Management's Discussion and Analysis of
Financial Condition and Results of Operations for
the Thirteen-Week and Thirty-nine Week Periods Ended October 30, 1999
Results of Operations
- ---------------------
For the thirteen-week and thirty-nine week periods ended October 30, 1999,
net sales increased 22.5% and 18.0% respectively over the comparable periods
last year. Comparable store sales for the thirteen-week and thirty-nine week
periods increased 6.0% and 4.5% respectively. The sales increase reflected the
results of opening 10 new stores during the fourth quarter of Fiscal 1998 and 12
new stores during Fiscal 1999, offset by the closing of one store during the
fourth quarter of Fiscal 1998. The total number of Brookstone stores open at the
end of the thirty-nine week period ended October 30, 1999 was 208 versus 187 at
the end of the comparable period in Fiscal 1998. Direct marketing sales
increased 88.0% over the comparable thirty-nine week period last year. This
increase was driven by sales from the recently acquired Gardeners Eden catalog
and increased Hard-to-Find Tools and Brookstone Gift Collection catalog
circulation.
Gross profit as a percentage of net sales was 30.0% and 30.9% for the
thirteen and thirty-nine week periods ended October 30, 1999 versus 26.2% and
27.8% for the comparable periods last year. The increase in the percentage was
primarily attributable to a decrease in net material costs resulting from lower
sourcing costs, combined with a decrease in occupancy percentage resulting from
the strong comparable store sales performance and the increase in direct
marketing sales.
Selling, general and administrative expenses as a percentage of net sales
were 42.7% and 39.5% for the thirteen and thirty-nine week periods ended October
30, 1999 versus 41.8% and 38.3% for the comparable periods last year. This
increase in percentage was primarily the result of costs associated with the
acquisition and integration of the Gardeners Eden catalog, the increased
Hard-to-Find Tools and Brookstone Gift Collection catalog circulation and costs
associated with new information processing systems.
Net interest expense for the thirteen-week and thirty-nine week periods
ended October 30, 1999 was $528,000 and $1,011,000, compared to $587,000 and
$1,281,000 during the comparable periods last year. The decrease for the
thirteen and thirty-nine week periods was related to decreased borrowings under
the revolving credit agreement during comparable periods for Fiscal 1999
compared with Fiscal 1998.
As a result of the foregoing, the Company reported a net loss of $4,489,000
or $0.55 per basic/diluted share for the thirteen-week period ended October 30,
1999, as compared to a net loss of $4,464,000 or $0.56 per basic/diluted share
for the comparable period last year. For the thirty-nine week period ended
October 30, 1999, the Company reported a net loss of $9,103,000 or $1.12 per
basic/diluted share, compared to a net loss of $9,356,000 or $1.17 per
basic/diluted share for the comparable period last year.
Financial Condition
- -------------------
For the thirty-nine week period ended October 30, 1999, net cash used by
operating activities totaled $24.9 million, reflecting primarily the net loss,
purchase of inventory and the payment of income taxes, offset by an increase in
the accounts payable balance due to the timing of expense and merchandise
payments. Cash used for investment activities during the thirty-nine week period
of Fiscal 1999, representing the purchase of property and equipment and the
acquisition of the Gardeners Eden catalog, amounted to $17.2 million. Cash from
financing activities during the thirty-nine week period of Fiscal 1999 amounted
to $25.9 million, acquired primarily through borrowings under the Company's
revolving credit agreement and the exercise of stock options and related tax
benefits.
9
<PAGE>
For the thirty-nine week period ended October 31, 1998, net cash used by
operating activities totaled $36.6 million, primarily as a result of the net
loss, purchase of inventory and payment of income taxes. Cash used for
investment activities during the thirty-nine week period of Fiscal 1998,
representing the purchase of property and equipment, amounted to $7.1 million.

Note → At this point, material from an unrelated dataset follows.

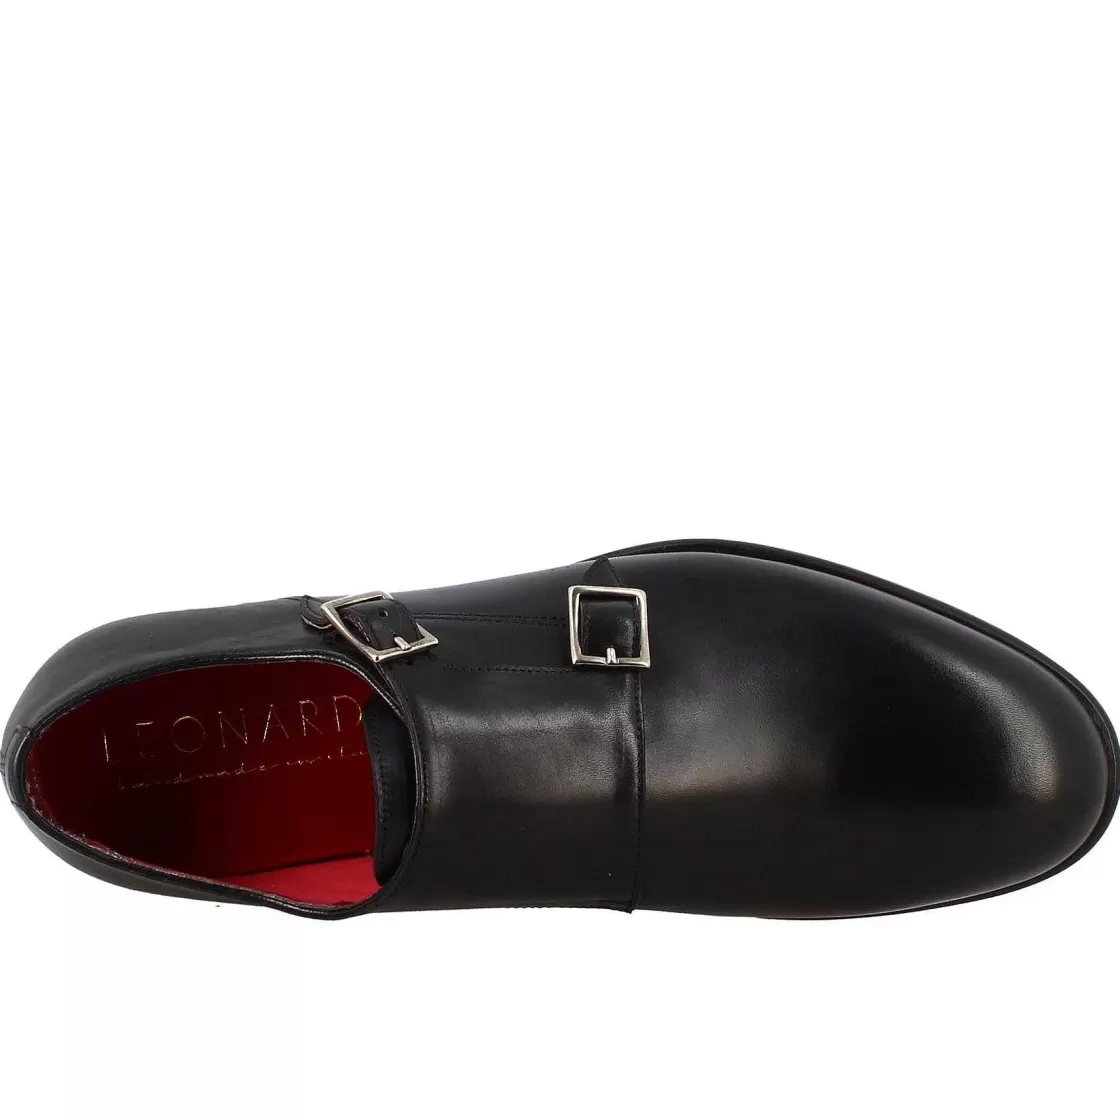 Leonardo Men'S Double Buckle Shoe In Black Leather Best Sale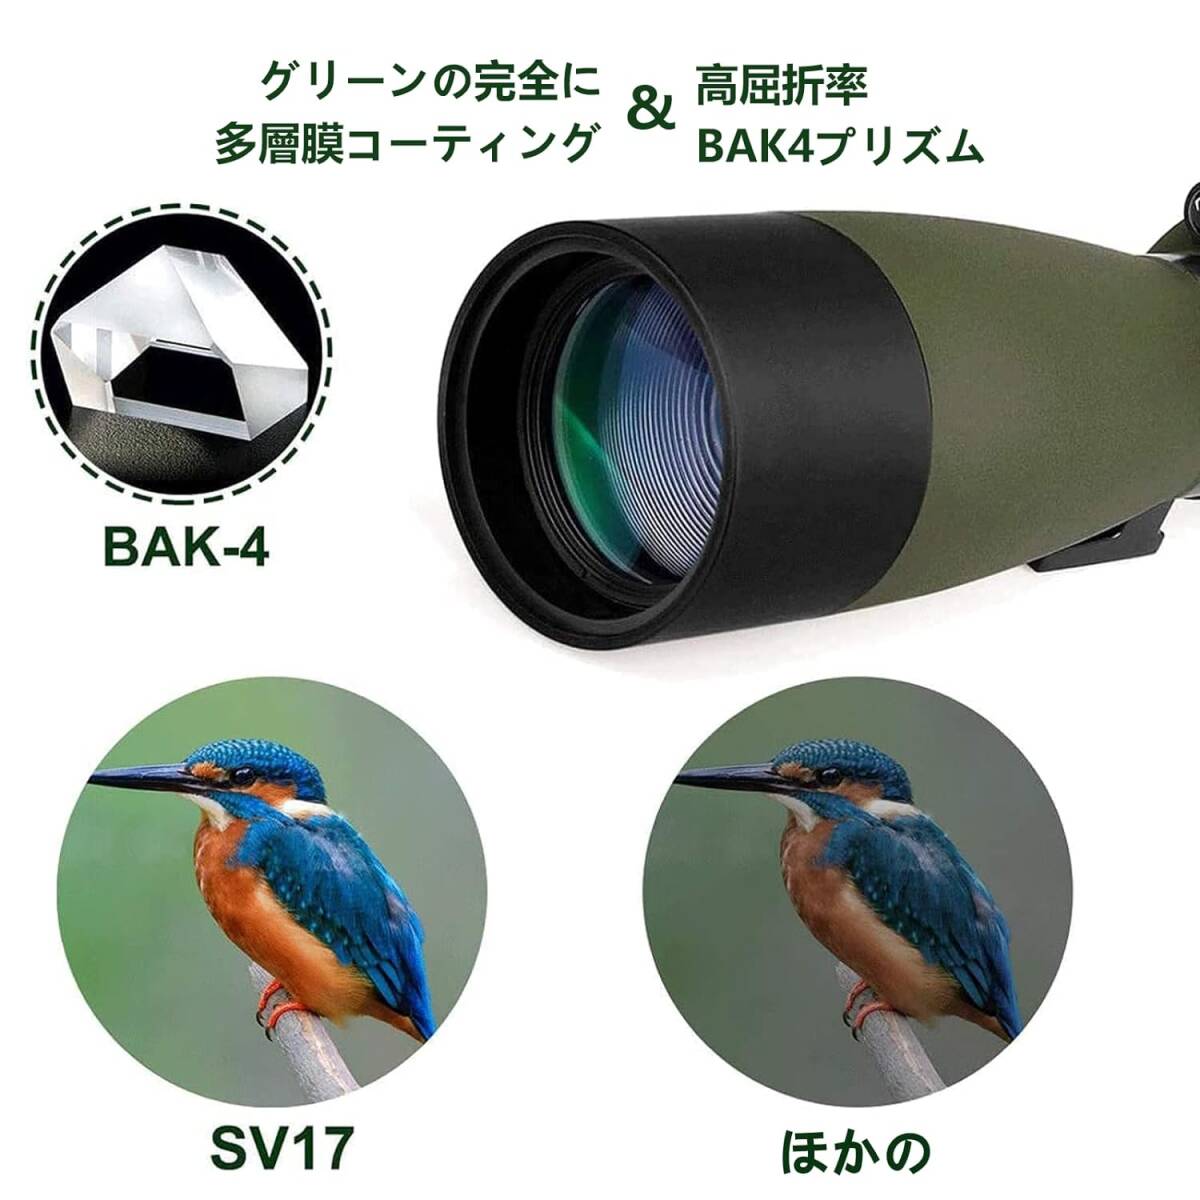 フィールドスコープ 25-75x70mm スポッティングスコープ BAK4プリズム バードウォッチング IPX7防水 アーチェリー 野鳥観察 射撃 グリーン_画像2

Cash from financing activities during the thirty-nine week period of Fiscal 1998
amounted to $30.8 million, acquired primarily through borrowings under the
Company's revolving credit agreement and the exercise of stock options and
related tax benefits.
Merchandise inventories were $64.2 million at October 30, 1999 compared to
$37.4 million at January 30, 1999. The increase in inventory was primarily to
support the heightened holiday selling season needs, the acquisition of the
Gardeners Eden catalog and the new stores opened. The accounts payable balance
was $28.2 million at October 30, 1999 compared to $10.7 million at January 30,
1999. This increase was primarily due to the timing of expense and merchandise
payments.
For the thirty-nine week period ended October 30, 1999, the Company's
capital expenditures were principally related to the remodeling of six retail
stores and the opening of 12 new stores. The Company anticipates opening a total
of approximately 15 new stores, including as many as two airport locations, and
remodeling approximately 10 stores during Fiscal 1999.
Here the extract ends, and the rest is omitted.